When to use: When you want data-driven evidence of which features matter most. Particularly effective for non-linear relationships that correlation analysis might miss. Works well with Random Forest, XGBoost, or LightGBM.

How it works: Train a tree-based model on your data. The model calculates importance scores based on how much each feature reduces prediction error when used for splitting. Features appearing higher in trees and reducing error more get higher importance scores. Keep only the top-scoring features.

4. Recursive Feature Elimination (RFE)

Purpose: Systematically identify the optimal subset of features through iterative elimination.

When to use: When you need a specific number of features (e.g., limited by memory or regulatory requirements) and want to find the best combination.

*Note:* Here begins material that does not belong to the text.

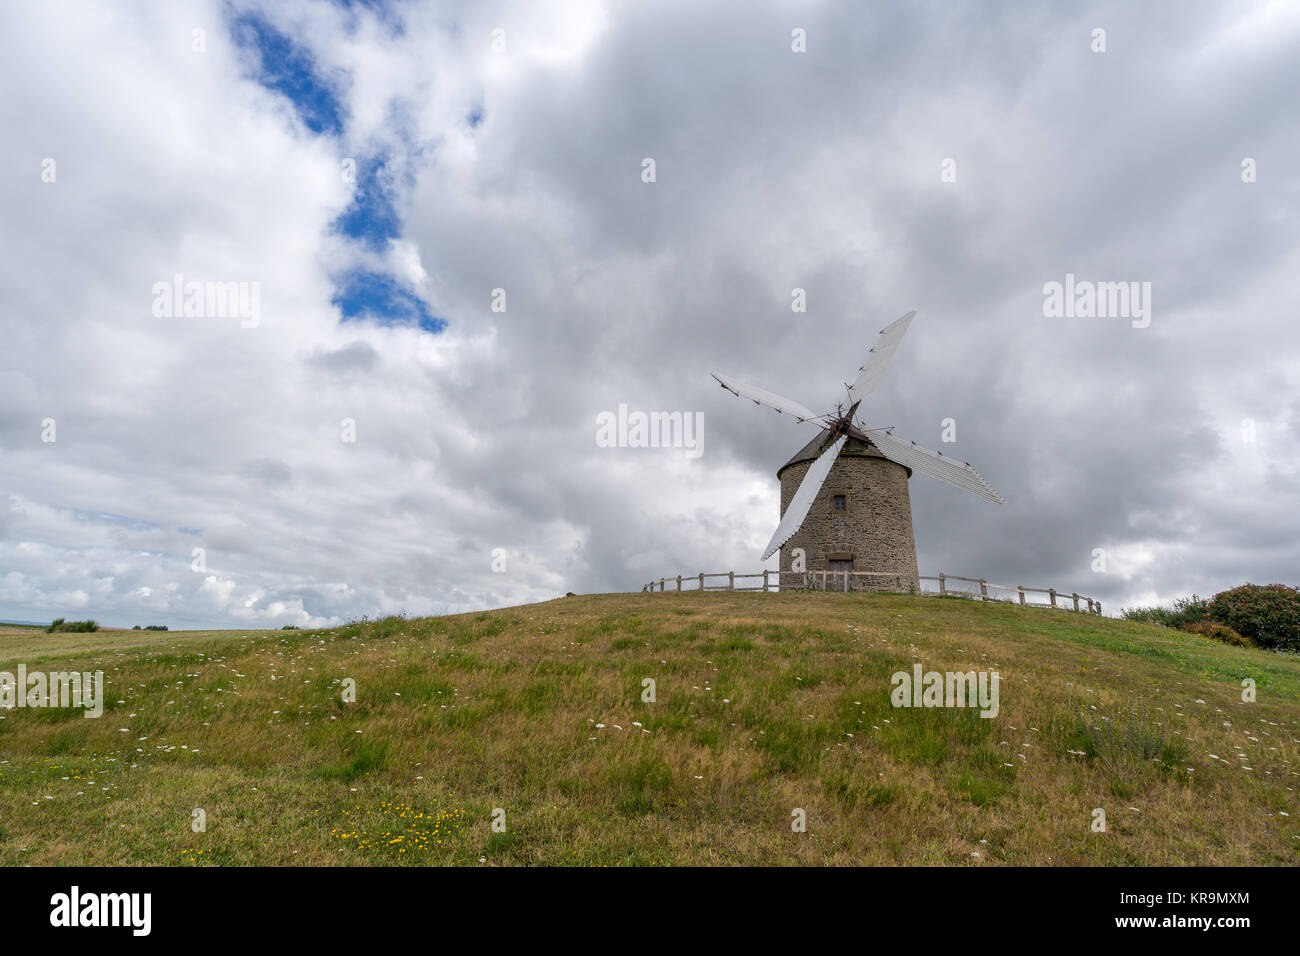 Windmühle, Getreide, Felder, historisch, Korn, Mahlen, Müller Banque D'Images

More thorough than simple importance ranking because it tests feature subsets together.

How it works: Start with all features and train a model. Rank features by importance and remove the least important one. Retrain the model with remaining features. Repeat until you reach the desired number of features. This accounts for feature interactions that might not be apparent when evaluating features individually.

Step 6: Data Preprocessing

Preparing Data for Algorithms

Different machine learning algorithms have specific input requirements and assumptions. Preprocessing ensures your data meets these requirements by normalizing scales, encoding categories as numbers, and handling class imbalance. Proper preprocessing is essential—even the best algorithm will fail with poorly formatted data.

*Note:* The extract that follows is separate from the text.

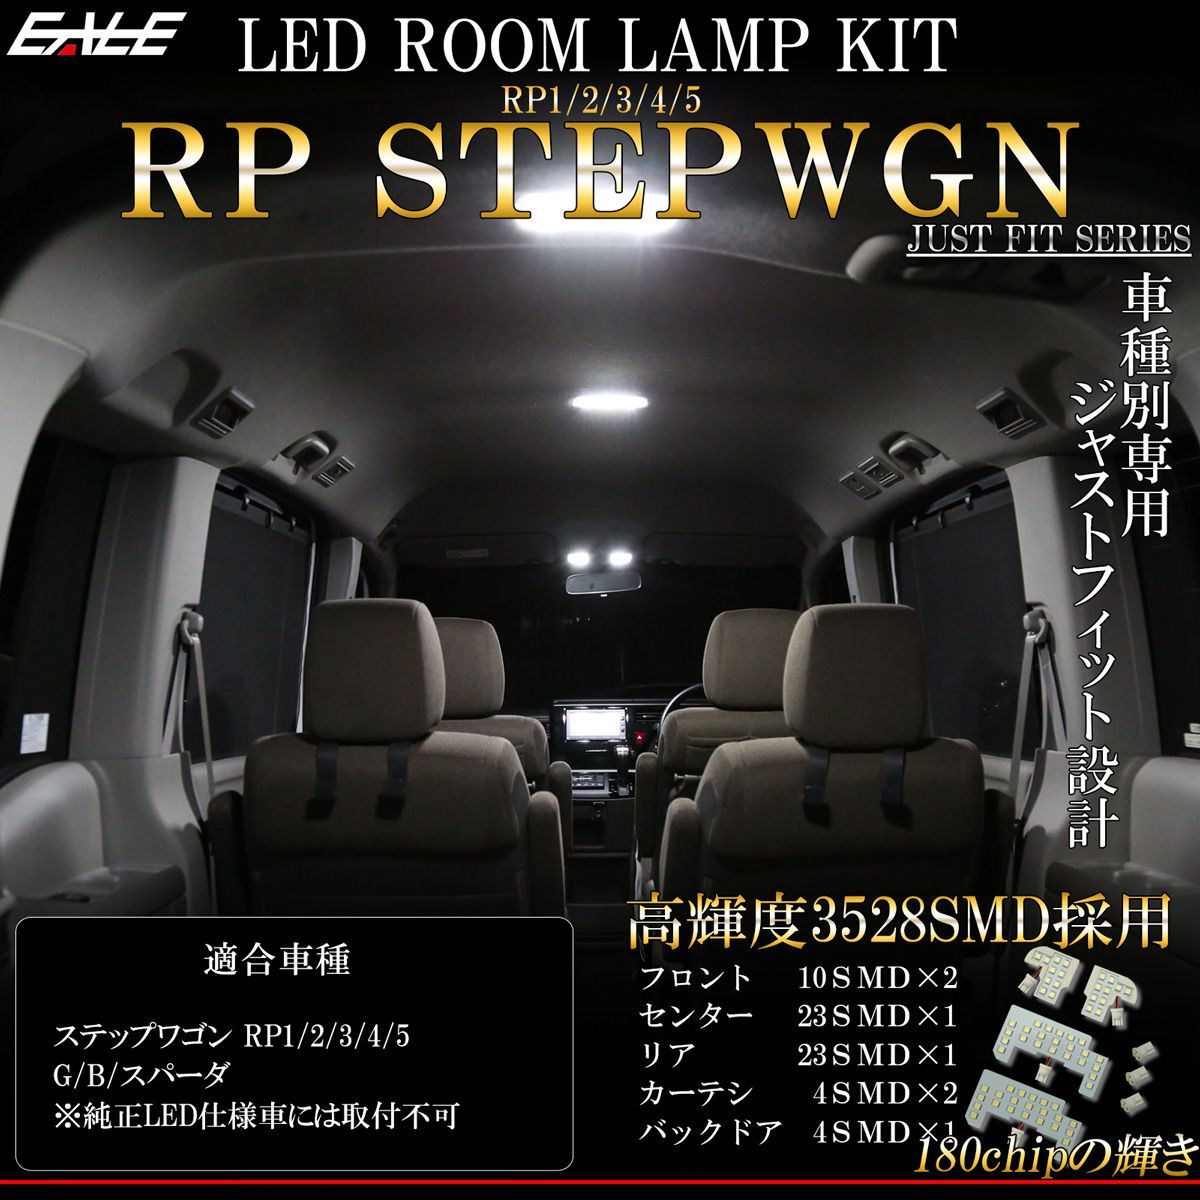 RP1 RP2 RP3 RP4 RP5 ステップワゴン スパーダ LED ルームランプ 室内灯 EALE-ms 土・日・祝日は定休日 メルカリ

Essential Preprocessing Steps:

1. Feature Scaling

Why? Features on different scales can bias algorithms (e.g., age: 20-80, income: 20000-200000)

Standardization (Z-Score)

What it does: Transforms features to have mean=0 and standard deviation=1. Each value is converted to how many standard deviations it is from the mean.

Use when: Features follow roughly normal distributions. Essential for algorithms sensitive to feature scale like SVM, Logistic Regression, Neural Networks, and KNN. Also preferred when outliers are meaningful and shouldn't be compressed.

Formula: z = (x - mean) / standard_deviation

Min-Max Normalization

What it does: Scales all features to a fixed range, typically [0, 1]. The minimum value becomes 0, the maximum becomes 1, and everything else scales proportionally between them.

Use when: You need bounded ranges (like image pixels already in 0-255). Ideal for Neural Networks and algorithms that don't assume normal distributions. Works well when you know there won't be new values outside the training range.

Formula: x_scaled = (x - min) / (max - min)

Robust Scaling

What it does: Uses median and interquartile range (IQR) instead of mean and standard deviation. Centers data around the median and scales by the range between 25th and 75th percentiles.

Use when: Your data contains many outliers that you want to preserve (unlike outlier removal). Median and IQR are not affected by extreme values, so outliers don't distort the scaling. Better than standardization when data has heavy tails or extreme values.

Formula: x_scaled = (x - median) / IQR

Visual Comparison:
Original:           Standardized:        Min-Max:
[20, 40, 60]        [-1, 0, 1]          [0, 0.5, 1]
[10000, 50000]      [-1, 1]             [0, 1]

Same scale now! ✓
              
2. Encoding Categorical Variables

Why? Algorithms need numbers, not text!

Label Encoding

What it does: Assigns each unique category a sequential integer (0, 1, 2, etc.). Simple and memory-efficient.

Use when: Encoding ordinal variables with natural order (Small < Medium < Large, Low < High). Also commonly used for target variables in classification. Tree-based algorithms (Random Forest, XGBoost) can handle label-encoded features well even without order.

Warning: DO NOT use for nominal categories (cities, colors, product names) with non-tree algorithms. The numeric encoding (NYC=0, LA=1, Chicago=2) implies Chicago > LA > NYC, which creates false relationships the model will learn.

One-Hot Encoding

What it does: Creates a separate binary (0/1) column for each category. If a sample belongs to that category, its column gets 1; all other category columns get 0.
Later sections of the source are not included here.